Given entries:

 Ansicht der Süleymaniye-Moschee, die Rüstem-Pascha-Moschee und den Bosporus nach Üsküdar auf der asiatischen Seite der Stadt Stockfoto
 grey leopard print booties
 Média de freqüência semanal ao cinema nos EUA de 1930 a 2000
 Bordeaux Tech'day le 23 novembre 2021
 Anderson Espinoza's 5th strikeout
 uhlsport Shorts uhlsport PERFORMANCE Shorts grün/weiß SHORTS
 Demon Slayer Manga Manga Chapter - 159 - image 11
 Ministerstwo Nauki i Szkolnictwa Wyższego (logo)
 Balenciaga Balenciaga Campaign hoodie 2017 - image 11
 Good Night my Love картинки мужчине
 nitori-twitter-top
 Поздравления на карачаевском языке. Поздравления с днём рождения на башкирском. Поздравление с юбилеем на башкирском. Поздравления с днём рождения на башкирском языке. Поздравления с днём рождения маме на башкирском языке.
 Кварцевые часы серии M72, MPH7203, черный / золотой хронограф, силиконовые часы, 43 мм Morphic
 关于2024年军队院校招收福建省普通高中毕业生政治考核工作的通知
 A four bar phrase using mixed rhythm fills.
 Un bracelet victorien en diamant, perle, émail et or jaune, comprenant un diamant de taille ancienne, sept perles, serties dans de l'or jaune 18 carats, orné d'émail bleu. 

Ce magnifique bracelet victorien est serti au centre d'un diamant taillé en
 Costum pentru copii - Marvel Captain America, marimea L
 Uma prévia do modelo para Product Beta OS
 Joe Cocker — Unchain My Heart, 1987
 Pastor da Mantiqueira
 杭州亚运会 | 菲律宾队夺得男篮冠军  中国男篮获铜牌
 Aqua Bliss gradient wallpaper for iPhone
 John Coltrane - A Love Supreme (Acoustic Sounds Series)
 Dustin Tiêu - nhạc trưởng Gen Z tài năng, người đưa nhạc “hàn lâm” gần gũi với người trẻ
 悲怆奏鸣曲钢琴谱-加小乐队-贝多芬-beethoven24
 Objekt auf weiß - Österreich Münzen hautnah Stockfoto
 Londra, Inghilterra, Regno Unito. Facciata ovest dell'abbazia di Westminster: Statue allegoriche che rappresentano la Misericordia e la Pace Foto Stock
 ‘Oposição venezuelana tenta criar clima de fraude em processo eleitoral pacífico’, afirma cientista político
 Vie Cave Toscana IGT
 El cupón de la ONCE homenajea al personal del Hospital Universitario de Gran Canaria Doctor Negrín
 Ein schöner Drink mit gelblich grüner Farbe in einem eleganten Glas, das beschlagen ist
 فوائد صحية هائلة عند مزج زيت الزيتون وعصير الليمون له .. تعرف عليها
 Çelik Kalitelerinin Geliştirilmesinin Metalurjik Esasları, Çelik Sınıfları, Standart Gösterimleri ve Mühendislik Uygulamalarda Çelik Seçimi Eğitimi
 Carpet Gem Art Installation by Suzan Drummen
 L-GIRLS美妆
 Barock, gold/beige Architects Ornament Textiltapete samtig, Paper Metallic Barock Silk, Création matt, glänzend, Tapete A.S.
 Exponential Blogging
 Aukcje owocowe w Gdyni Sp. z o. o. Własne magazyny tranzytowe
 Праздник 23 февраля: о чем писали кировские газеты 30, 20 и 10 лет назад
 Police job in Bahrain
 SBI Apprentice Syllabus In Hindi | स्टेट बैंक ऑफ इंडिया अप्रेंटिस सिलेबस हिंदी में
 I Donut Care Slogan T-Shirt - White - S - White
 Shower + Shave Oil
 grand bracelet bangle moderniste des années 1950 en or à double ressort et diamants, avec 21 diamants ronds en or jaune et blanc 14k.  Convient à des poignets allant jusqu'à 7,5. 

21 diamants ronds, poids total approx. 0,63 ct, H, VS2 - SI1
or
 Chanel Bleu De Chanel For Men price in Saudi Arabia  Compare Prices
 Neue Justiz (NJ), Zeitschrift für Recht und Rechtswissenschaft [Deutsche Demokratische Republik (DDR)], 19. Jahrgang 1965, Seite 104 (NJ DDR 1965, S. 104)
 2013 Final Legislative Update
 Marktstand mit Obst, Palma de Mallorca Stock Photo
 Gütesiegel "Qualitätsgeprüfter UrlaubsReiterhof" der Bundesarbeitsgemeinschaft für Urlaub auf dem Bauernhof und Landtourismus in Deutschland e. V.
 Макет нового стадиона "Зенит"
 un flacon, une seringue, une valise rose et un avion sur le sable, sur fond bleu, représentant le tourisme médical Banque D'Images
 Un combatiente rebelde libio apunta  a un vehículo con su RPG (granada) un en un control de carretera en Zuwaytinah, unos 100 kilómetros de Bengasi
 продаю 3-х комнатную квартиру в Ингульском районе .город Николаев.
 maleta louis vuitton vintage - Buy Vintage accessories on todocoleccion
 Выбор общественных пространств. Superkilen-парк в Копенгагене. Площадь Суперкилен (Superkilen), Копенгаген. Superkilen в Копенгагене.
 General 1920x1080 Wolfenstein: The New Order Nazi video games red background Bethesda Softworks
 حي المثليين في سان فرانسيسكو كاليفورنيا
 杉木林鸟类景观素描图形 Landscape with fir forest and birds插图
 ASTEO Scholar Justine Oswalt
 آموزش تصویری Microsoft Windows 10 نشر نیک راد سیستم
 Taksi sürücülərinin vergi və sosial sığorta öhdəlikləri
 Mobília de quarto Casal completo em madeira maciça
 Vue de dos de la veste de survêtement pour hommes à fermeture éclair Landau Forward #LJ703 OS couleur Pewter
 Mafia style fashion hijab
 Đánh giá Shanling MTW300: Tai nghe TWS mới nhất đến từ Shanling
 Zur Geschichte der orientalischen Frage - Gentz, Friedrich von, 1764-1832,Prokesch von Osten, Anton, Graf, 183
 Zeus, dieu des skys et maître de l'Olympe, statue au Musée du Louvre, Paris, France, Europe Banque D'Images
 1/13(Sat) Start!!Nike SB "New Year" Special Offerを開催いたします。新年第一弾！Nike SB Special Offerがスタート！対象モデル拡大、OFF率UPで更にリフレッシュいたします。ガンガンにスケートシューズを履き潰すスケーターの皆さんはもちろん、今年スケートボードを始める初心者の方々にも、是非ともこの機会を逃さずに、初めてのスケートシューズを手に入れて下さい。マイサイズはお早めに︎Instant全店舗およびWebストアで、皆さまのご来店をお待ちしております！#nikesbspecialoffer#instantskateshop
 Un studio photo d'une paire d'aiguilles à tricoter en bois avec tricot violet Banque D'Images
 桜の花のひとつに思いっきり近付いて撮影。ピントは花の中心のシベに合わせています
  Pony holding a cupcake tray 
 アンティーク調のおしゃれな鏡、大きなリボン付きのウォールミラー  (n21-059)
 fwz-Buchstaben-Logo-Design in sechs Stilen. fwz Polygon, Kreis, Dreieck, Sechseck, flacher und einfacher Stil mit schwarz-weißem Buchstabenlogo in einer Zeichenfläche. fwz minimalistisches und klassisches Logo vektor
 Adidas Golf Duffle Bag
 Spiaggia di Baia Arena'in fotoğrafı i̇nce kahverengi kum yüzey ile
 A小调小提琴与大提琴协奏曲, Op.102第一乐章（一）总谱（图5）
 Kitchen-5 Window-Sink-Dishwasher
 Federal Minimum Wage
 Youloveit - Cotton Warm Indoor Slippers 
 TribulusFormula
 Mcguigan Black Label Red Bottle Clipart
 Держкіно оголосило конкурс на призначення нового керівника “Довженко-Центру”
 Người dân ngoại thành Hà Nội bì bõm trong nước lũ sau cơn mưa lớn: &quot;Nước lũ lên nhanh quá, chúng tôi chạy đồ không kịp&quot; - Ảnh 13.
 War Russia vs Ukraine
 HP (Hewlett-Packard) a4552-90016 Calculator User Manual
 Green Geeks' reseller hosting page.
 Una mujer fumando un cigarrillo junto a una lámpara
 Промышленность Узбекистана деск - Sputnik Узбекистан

Activity: Starting at the line that holds "Spiaggia di Baia", retype each line exactly through the end of the entries, both ends included.

Finished exercise:
 Spiaggia di Baia Arena'in fotoğrafı i̇nce kahverengi kum yüzey ile
 A小调小提琴与大提琴协奏曲, Op.102第一乐章（一）总谱（图5）
 Kitchen-5 Window-Sink-Dishwasher
 Federal Minimum Wage
 Youloveit - Cotton Warm Indoor Slippers 
 TribulusFormula
 Mcguigan Black Label Red Bottle Clipart
 Держкіно оголосило конкурс на призначення нового керівника “Довженко-Центру”
 Người dân ngoại thành Hà Nội bì bõm trong nước lũ sau cơn mưa lớn: &quot;Nước lũ lên nhanh quá, chúng tôi chạy đồ không kịp&quot; - Ảnh 13.
 War Russia vs Ukraine
 HP (Hewlett-Packard) a4552-90016 Calculator User Manual
 Green Geeks' reseller hosting page.
 Una mujer fumando un cigarrillo junto a una lámpara
 Промышленность Узбекистана деск - Sputnik Узбекистан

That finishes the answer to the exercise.